A Cross Site Scripting (XSS) attack can cause arbitrary code to run in a user's browser while the browser is connected to a trusted Web site. The attack targets your application's users and not the application itself, but it uses your application as the vehicle for the attack. Because the script code is downloaded by the browser from a trusted site, the browser has no way of knowing that the code is not legitimate. Internet Explorer security zones provide no defense. Since the attacker's code has access to the cookies associated with the trusted site and are stored on the user's local computer, a user's authentication cookies are typically the target of attack.


Impact

  • Loss of authentication cookies.
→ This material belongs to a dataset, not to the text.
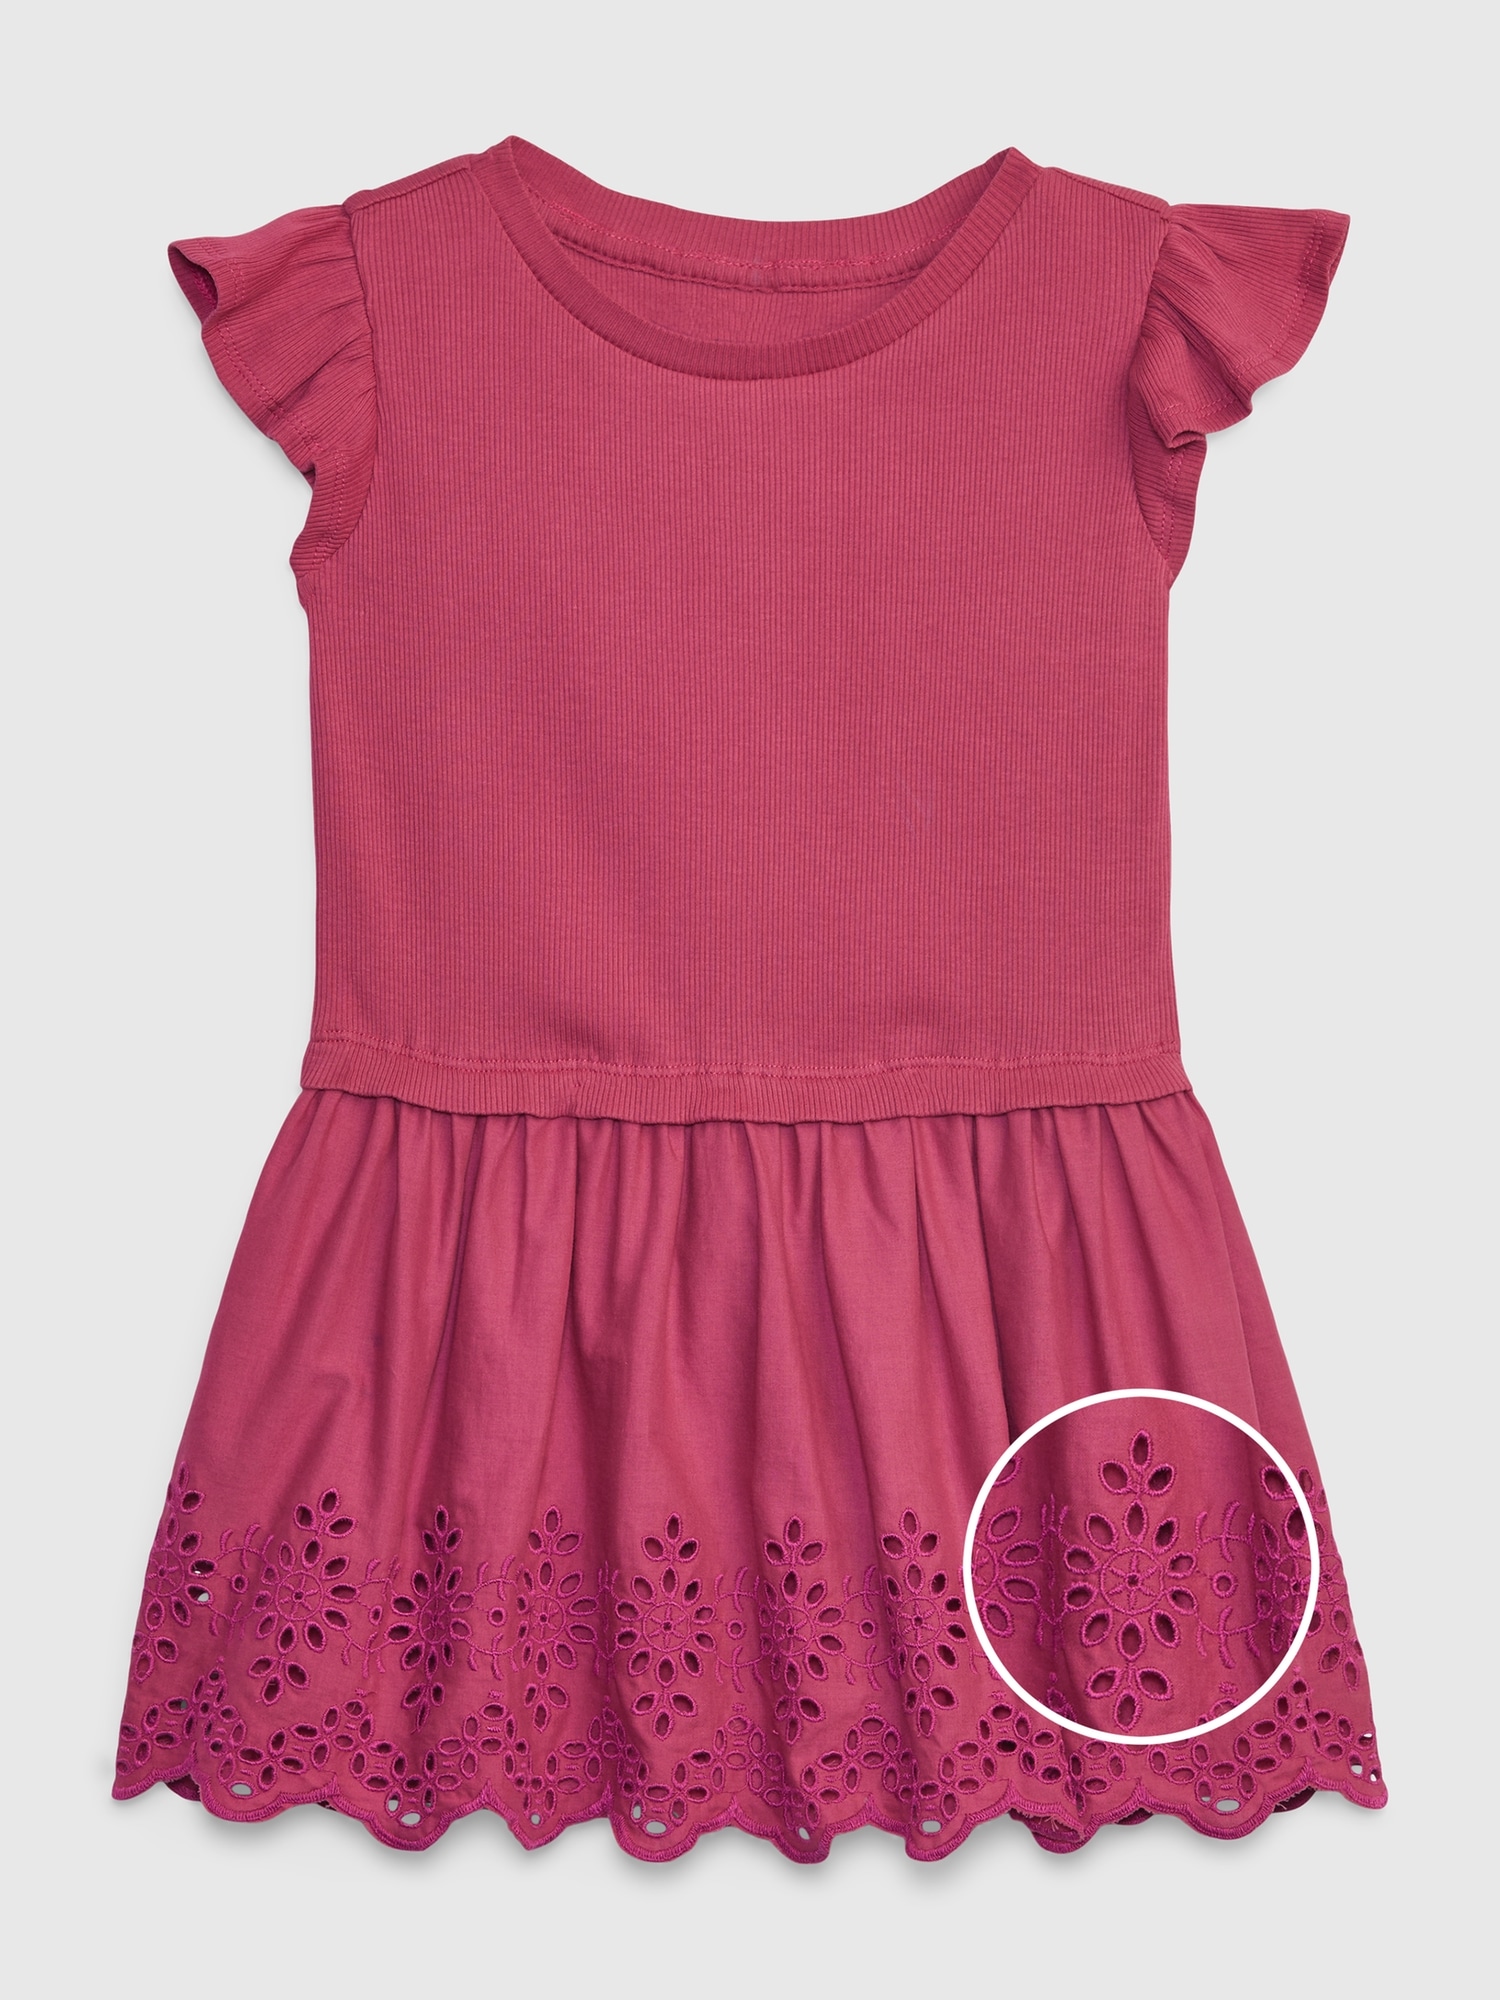 Gap Toddler Eyelet Dress pink. 1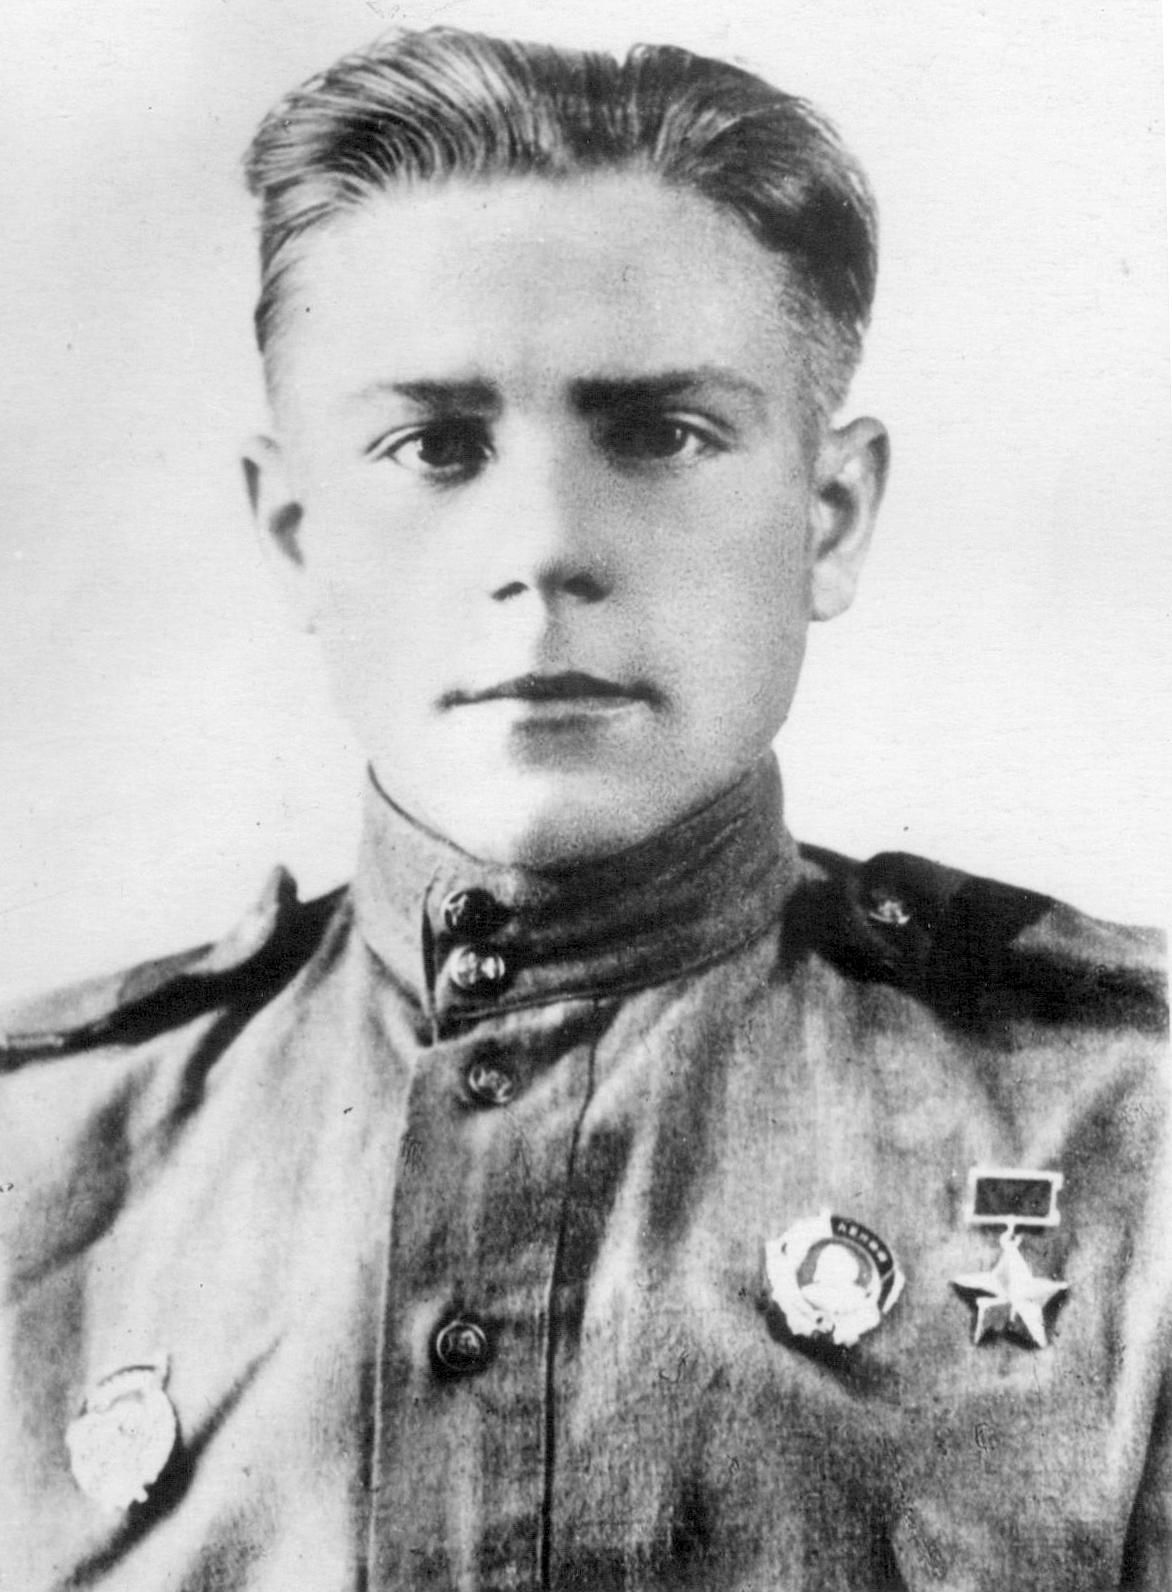 Герой Советского Союза гвардии младший сержант Дмитрий Остапенко, заместитель командира отделения противотанковых ружей. Родился 24 декабря 1924 года, украинец (фото 1943 г.).

The attack writes script to retrieve the authentication cookie that provides access to a trusted site and then posts the cookie to a Web address known to the attacker. This enables the attacker to spoof the legitimate user's identity and gain illicit access to the Web site.


Vulnerabilities

  • Failing to constrain and validate input.
  • Failing to encode output.
  • Trusting data retrieved from a shared database.


Countermeasures

  • Perform context sensitive encoding of untrusted input before it is echoed back to a browser by using an encoding library (e.g., IOSec)
  • Untrusted input should be validated against an inclusion list before use (e.g., RegEx pattern, primitive type casting, domain constraint, etc.)